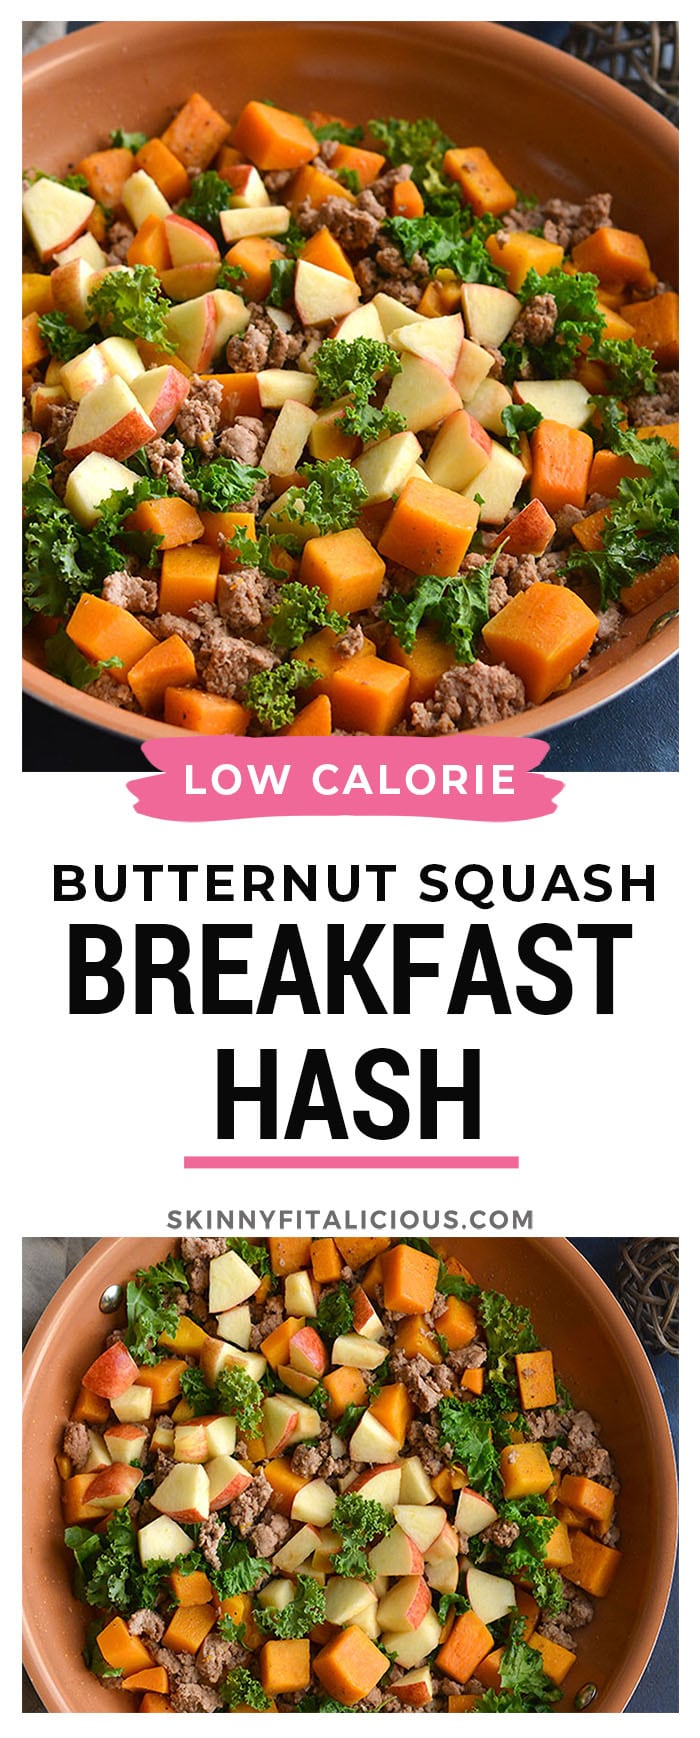 This Butternut Squash Breakfast Hash is loaded with nourishment and has the perfect balance of sweet and savory flavors. High protein, this is a delicious breakfast without the eggs! Whole30 + Paleo + Gluten Free + Low Calorie
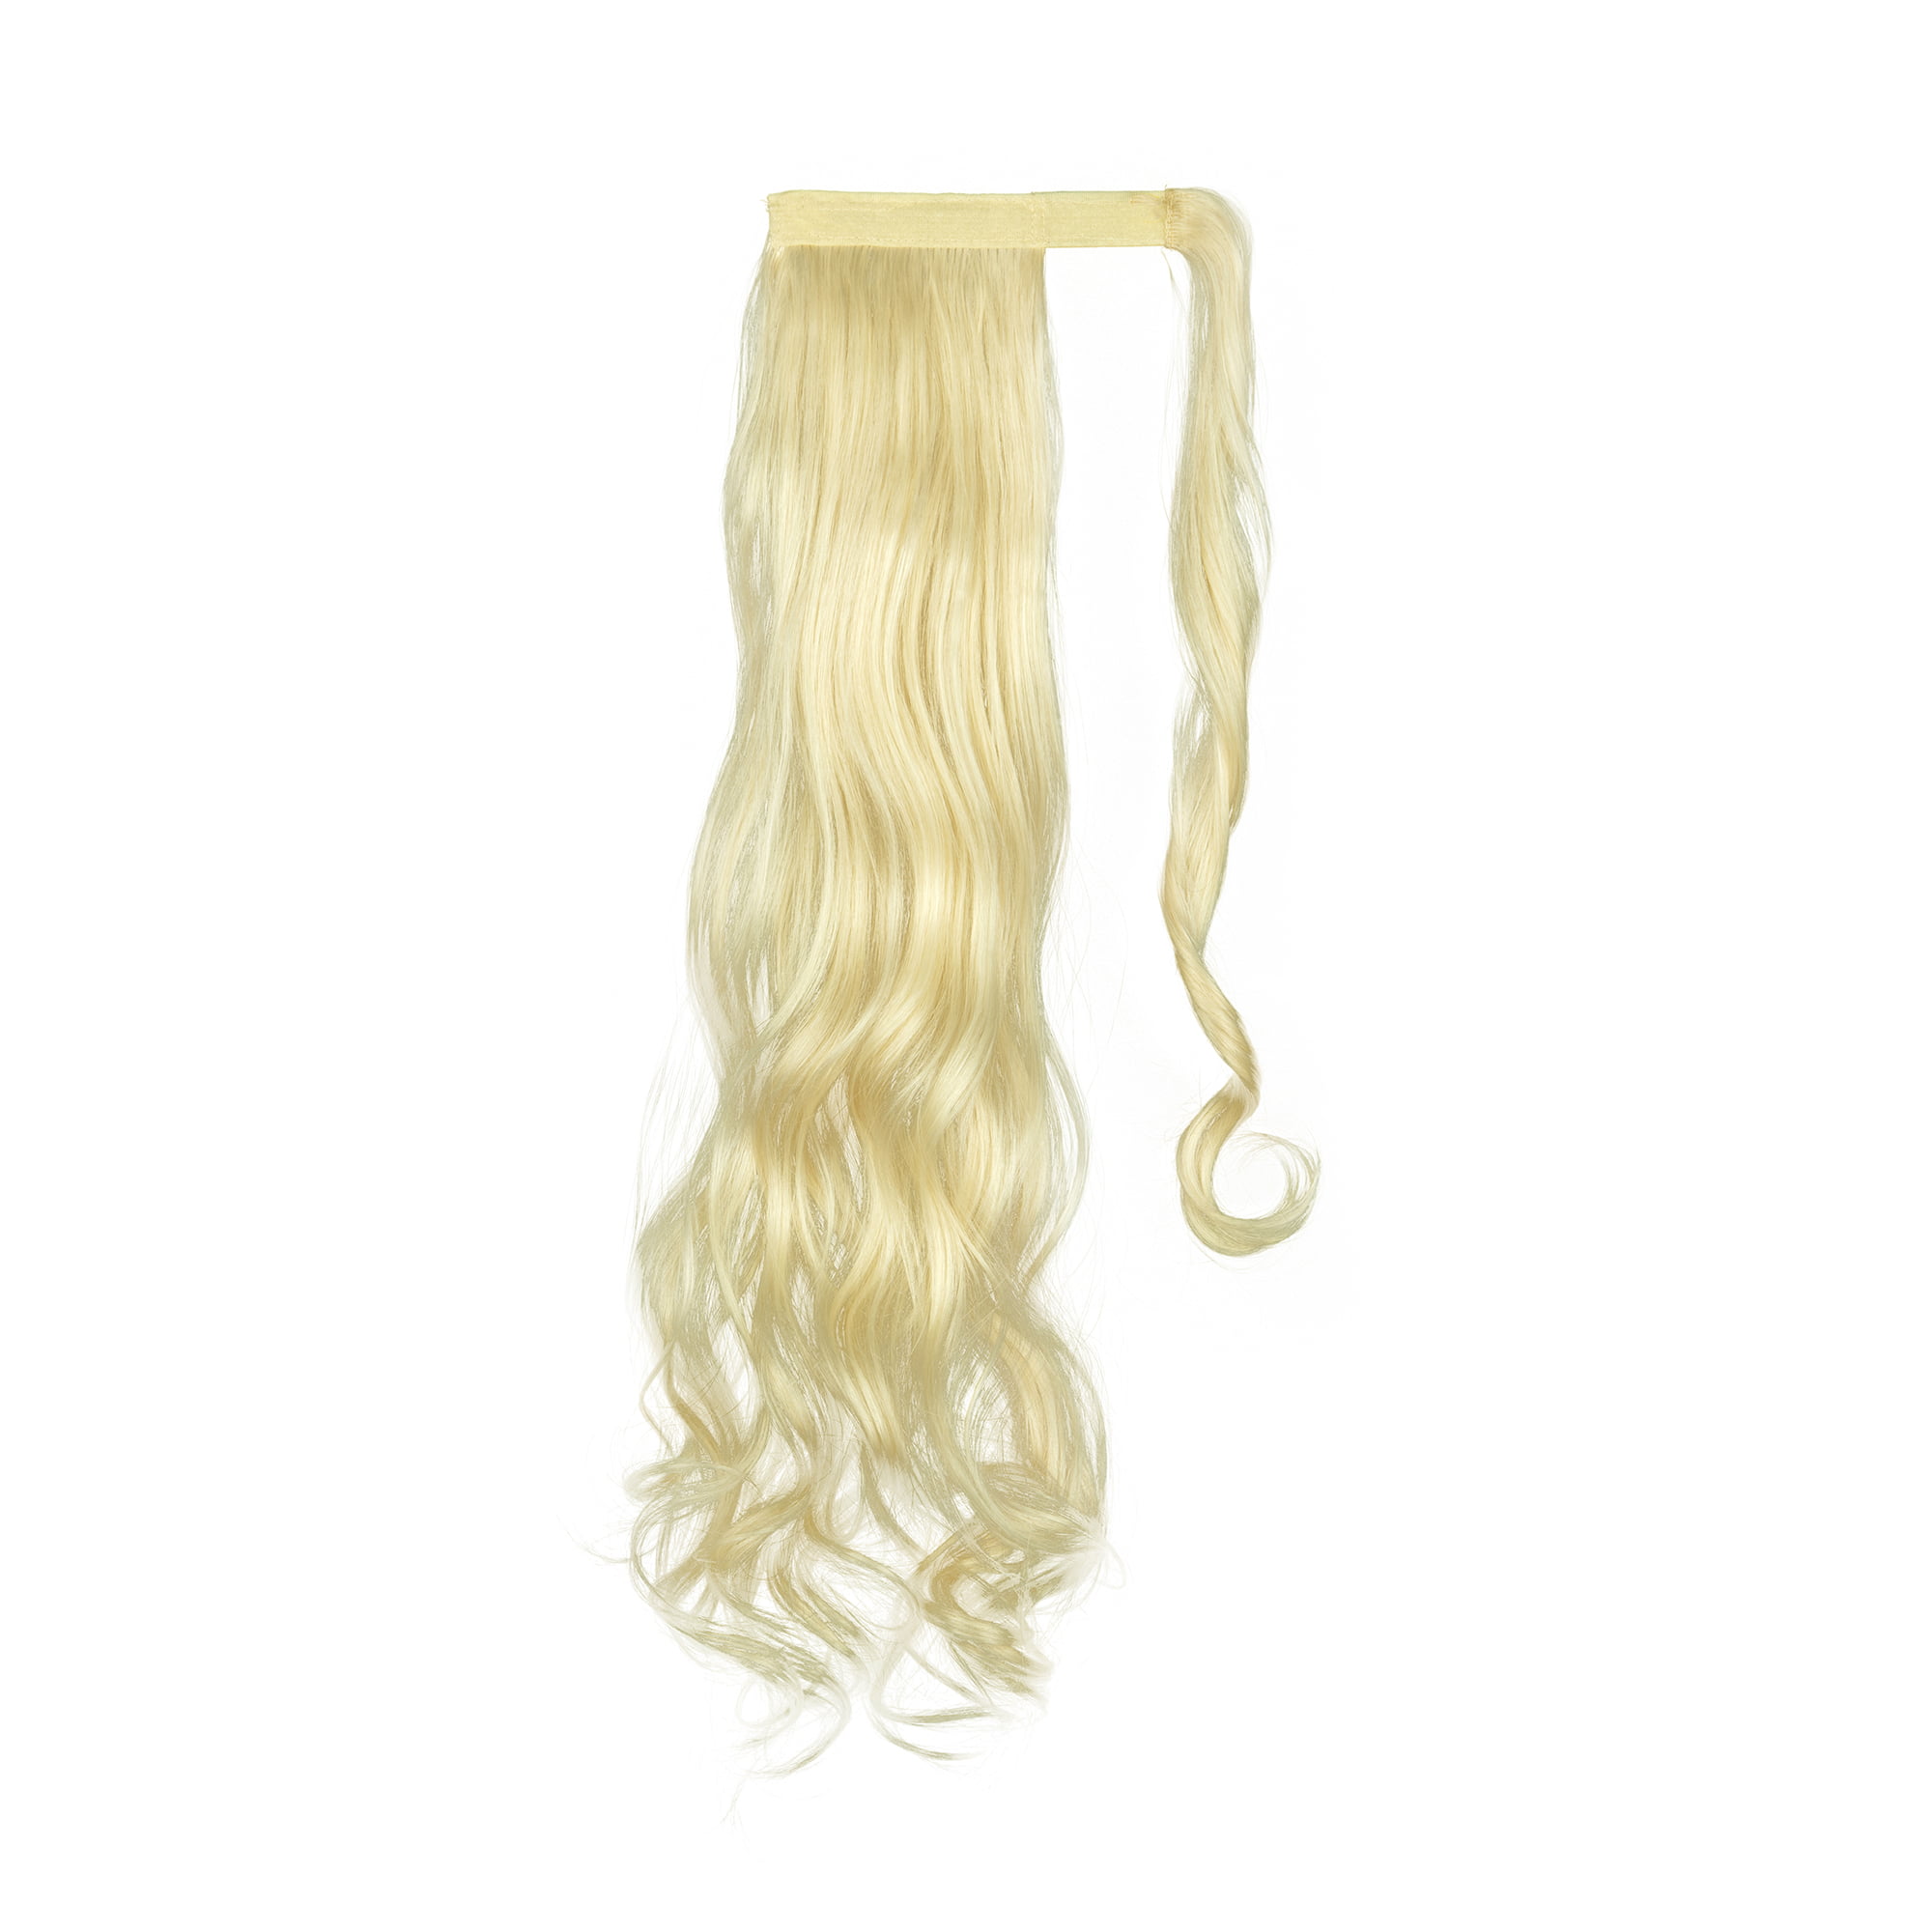 New Arrival】10inch-30inch Clip In Ponytail Hair !! Magic Paste
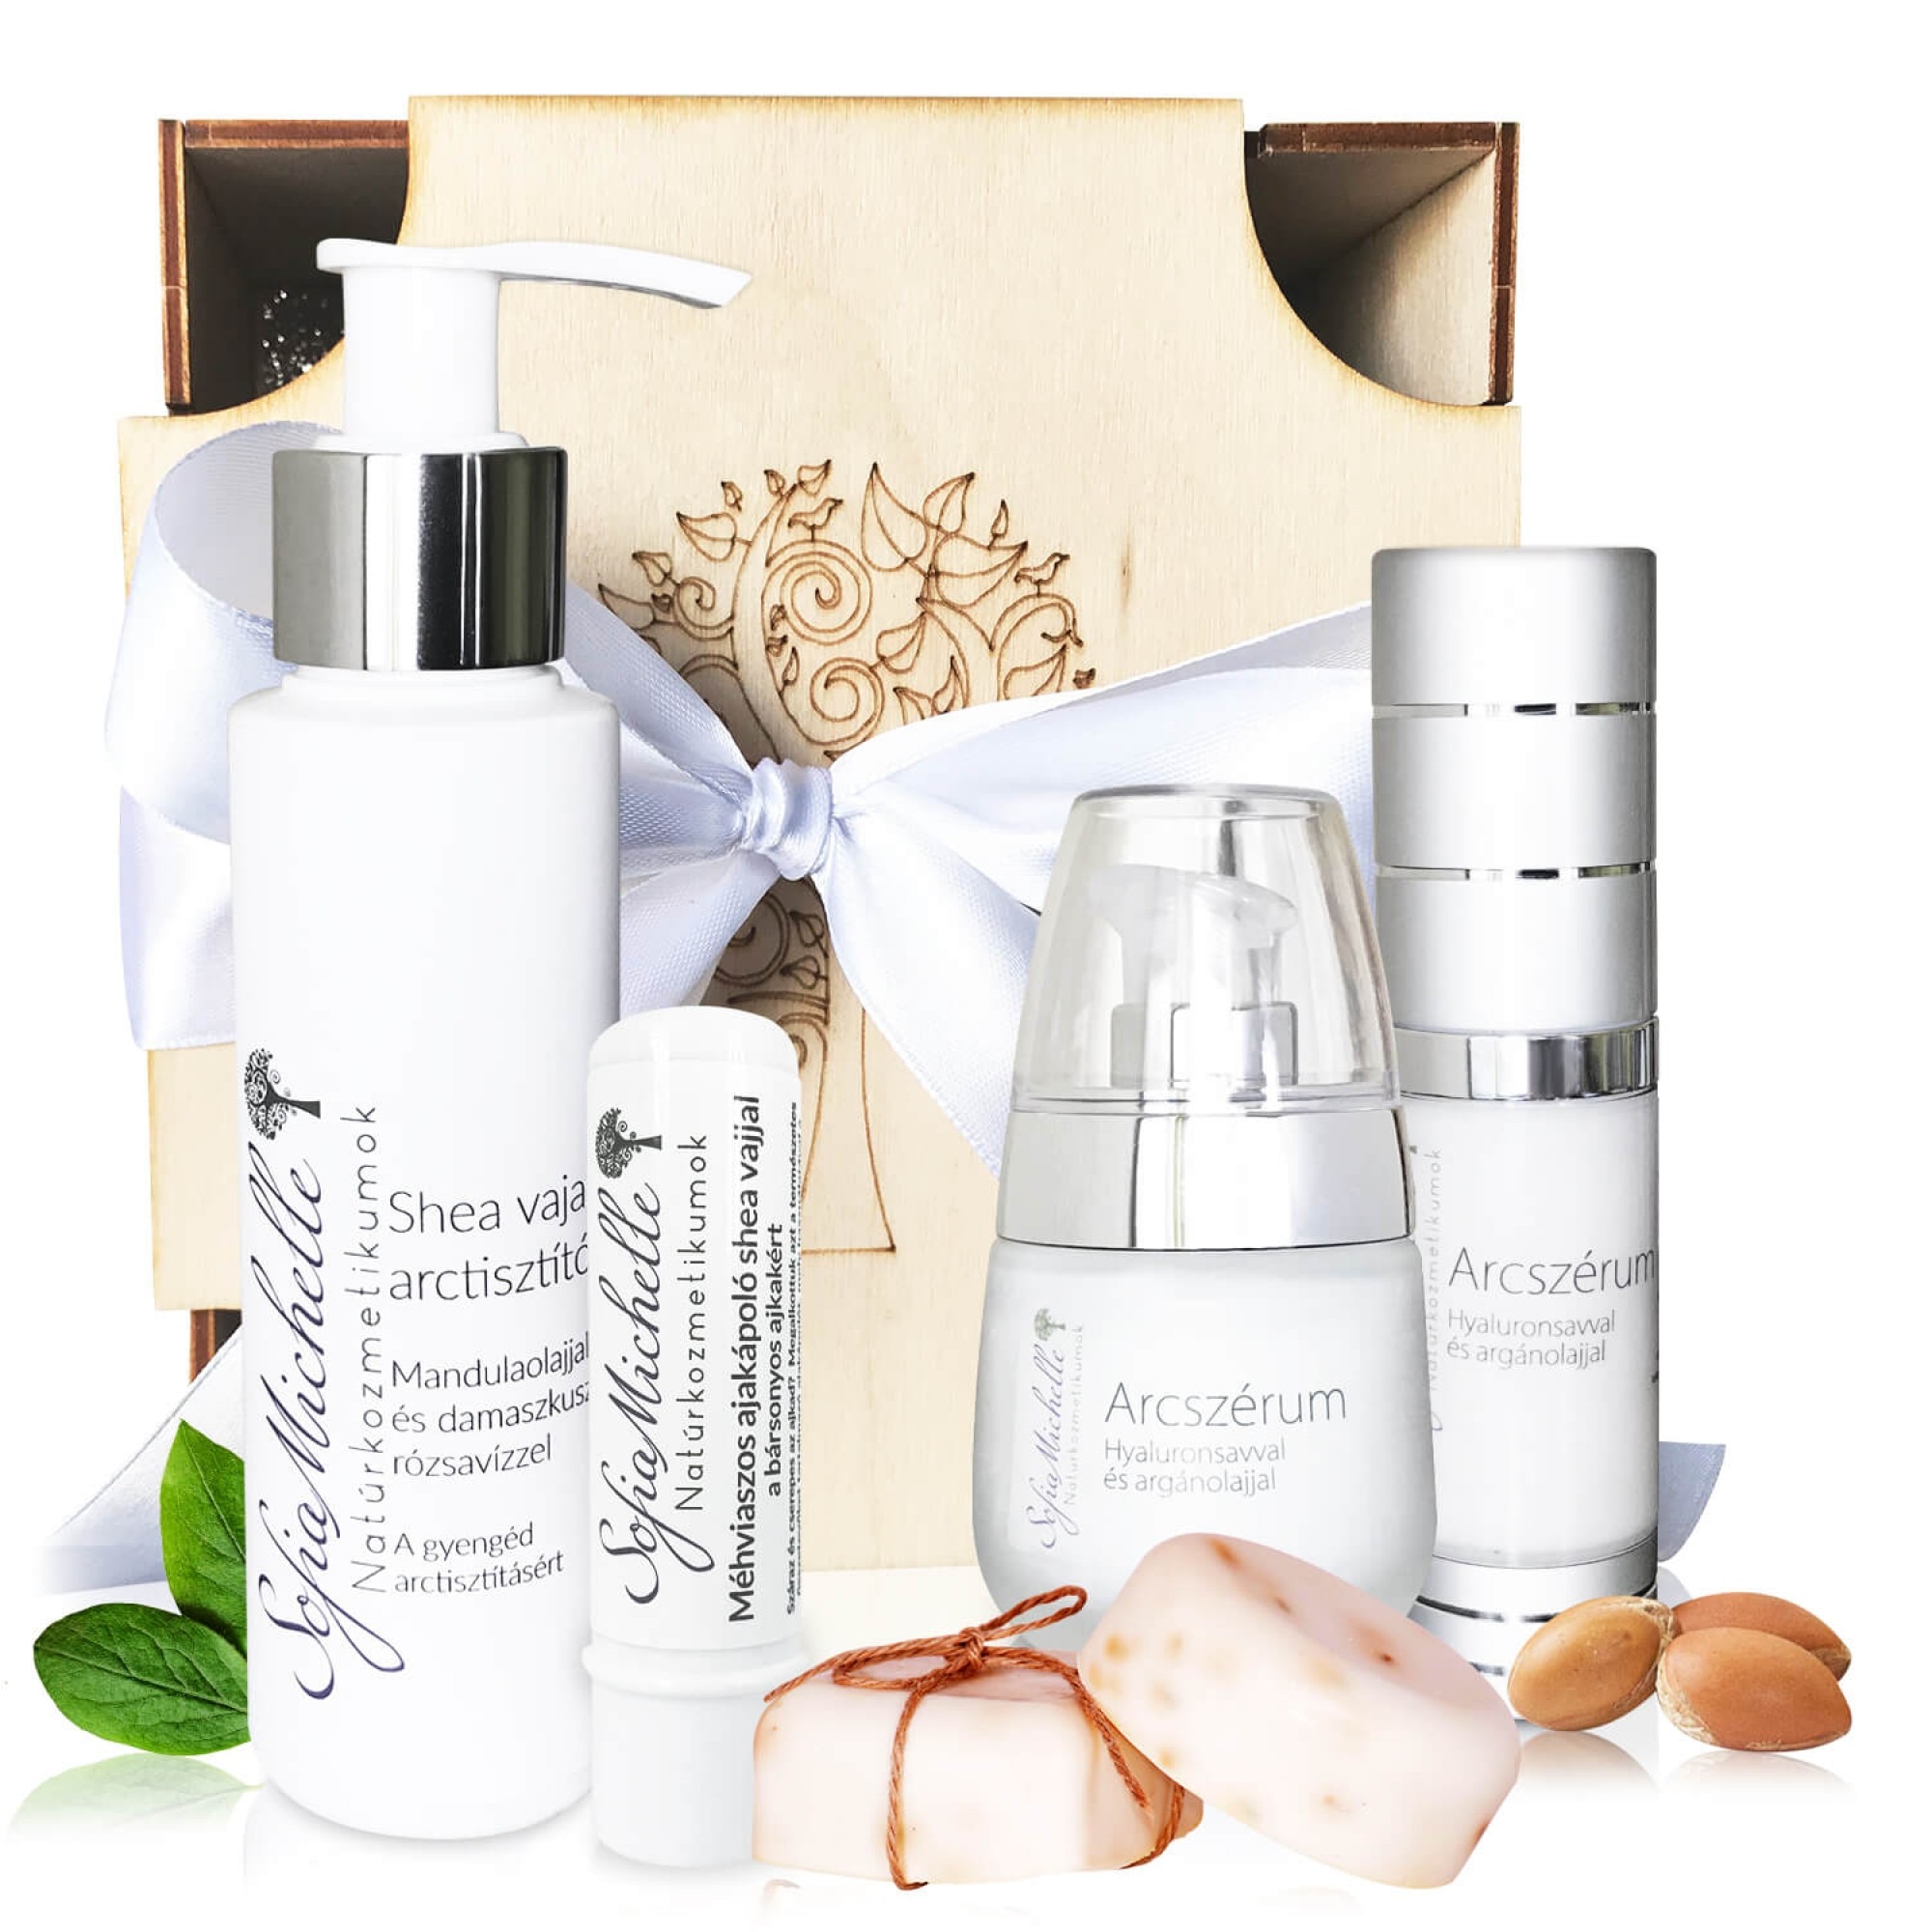 video chase neige suisse anti aging

☆ ☆ ☆ ☆ ☆

- [Work order] All of the material above is to be copied exactly, except for its images.

- [Exercise result]
 This Butternut Squash Breakfast Hash is loaded with nourishment and has the perfect balance of sweet and savory flavors. High protein, this is a delicious breakfast without the eggs! Whole30 + Paleo + Gluten Free + Low Calorie
 New Arrival】10inch-30inch Clip In Ponytail Hair !! Magic Paste
 video chase neige suisse anti aging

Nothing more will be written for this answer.